Generally, PPV combined with SB is the standard treatment for RD with severe PVR and for RD with inferior breaks [9] . During the past decade, several authors addressed the view of PPV and gas alone without SB as a safe and effective form of treatment for uncomplicated RD with inferior breaks [10] .

Moreover, PPV has been successfully used without SB for complicated RD such as pseudophakic RD and RD with PVR [11] .

In this study, we compared PPV with endolaser barrage 360° and PPV with SB for primary RD with inferior breaks as regards intraoperative and postoperative complications and recurrence rate.

In this study, we noticed that the operative time in the first group was relatively shorter than that in the second group.

PPV with SB has an increased risk for choroidal hemorrhage and accidental perforation, [12] requires a longer time, and has all associated complications of SB, such as exposure, refractive change, diplopia, and possible anterior segment ischemia [13] .

In the present study, choroidal hemorrhage was recorded in 5% of cases in the second group and accidental scleral perforation occurred in 5% of cases, whereas vitreous incarceration occurred in 5% of cases in each group.
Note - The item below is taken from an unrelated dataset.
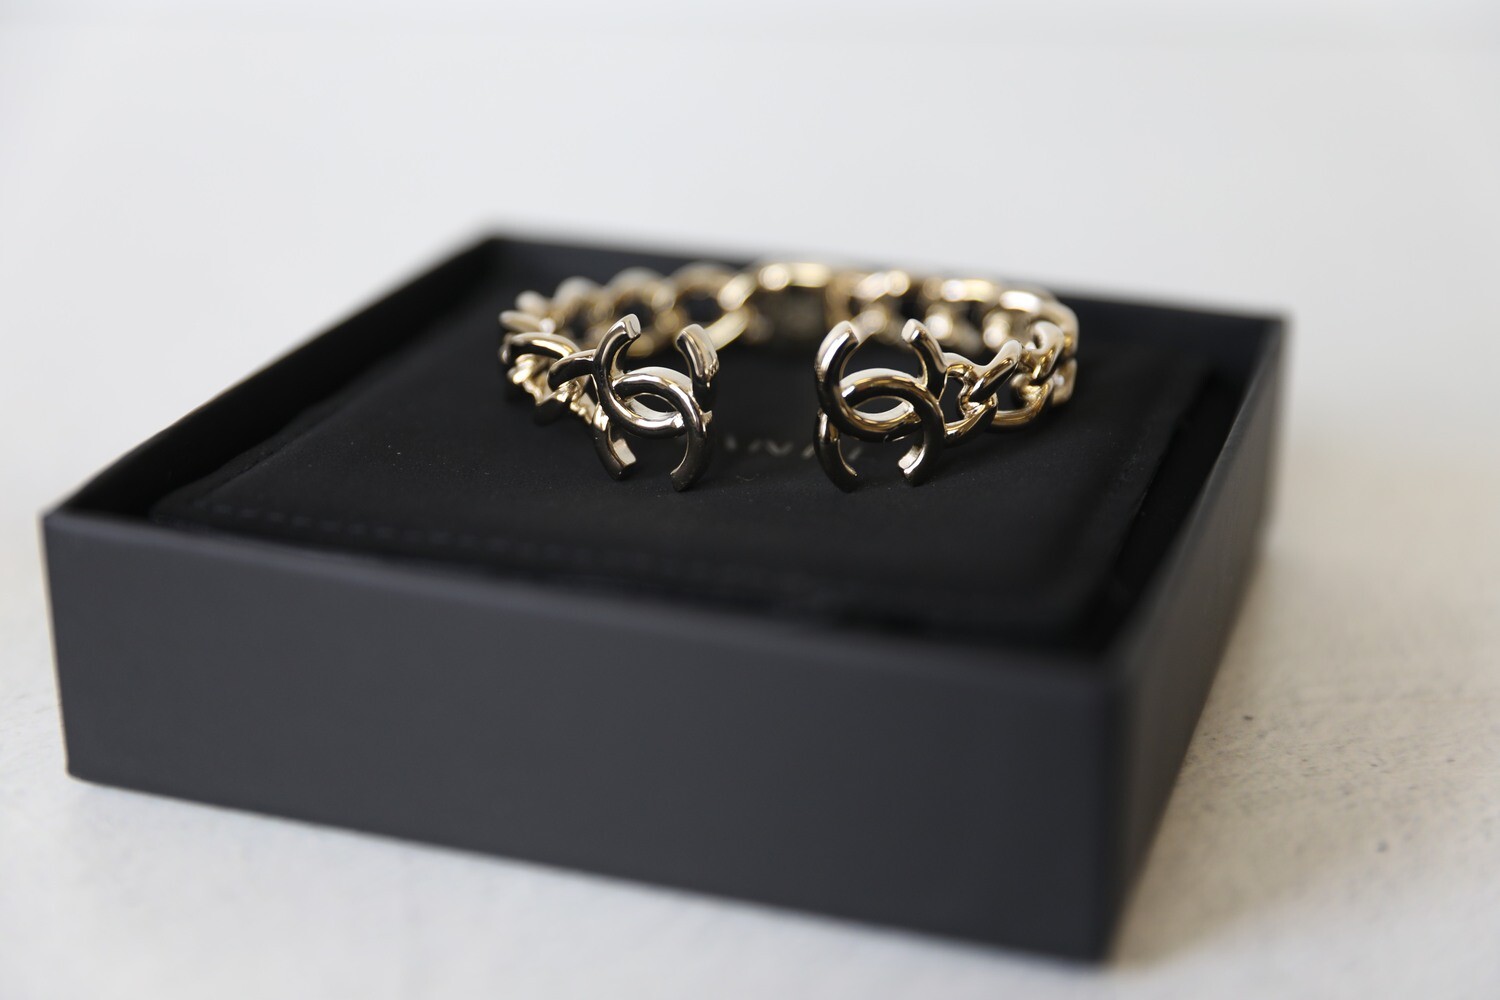 Chanel Cuff Bracelet, Golden, New in Box WA001
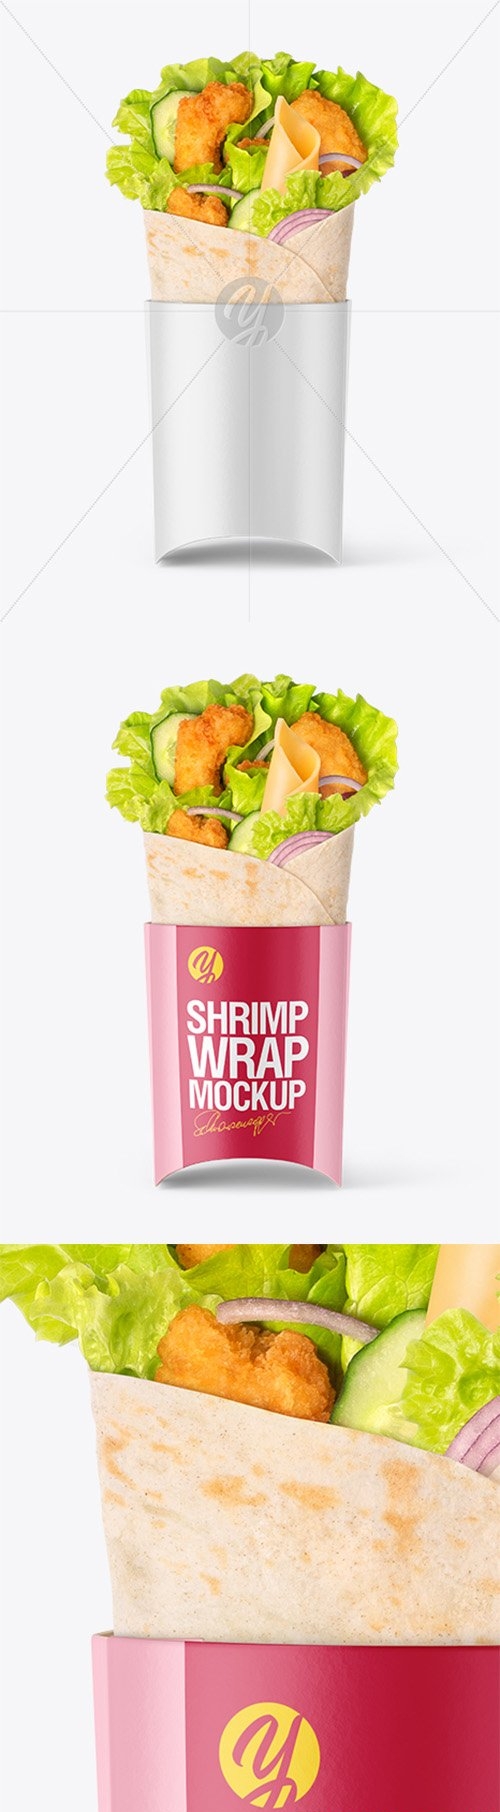 Shrimp Wrap Mockup 40337

Recorded operative time was longer in the second group than in the first group.

Intraoperative iatrogenic retinal break was recorded in 10% of cases in each group in this study, which were successfully treated with endolaser. Sheng et al. [14] recorded iatrogenic retinal breaks, the incidence rate of which was 42.5%.

Machemer et al. [15] showed that the achievement of retinal reattachment occurred by three aspects - relief from traction, alteration of interocular currents, and chorioretinal adhesion. In this study, all vitreous was completely removed, all traction was completely released, and endolaser or cryotherapy was performed for all breaks. Some authors stated that tamponade agents should close the retinal breaks within the early hours after surgery; after that time fluid will not enter the subretinal space through the break and chorioretinal adhesion can be achieved with photocoagulation or cryopexy.

PVR was recorded in 5% of cases in the second group and in 10% of cases in the first group. It was consistent with the results of several studies that showed that PVR is still the most common cause of failure of surgery for rhegmatogenous retinal detachment [16] . Previous studies showed that the incidence of postoperative PVR varied between 2.5 and 28% in different series with different inclusion criteria [17] .

Furthermore, hypotony is a potentially devastating complication of retinectomy surgery [18] . Previous studies found the risk for hypotony after retinectomy to range from 11 to 31%. In this study, hypotony occurred in 10% of cases in the first group and in 5% of cases in the second group.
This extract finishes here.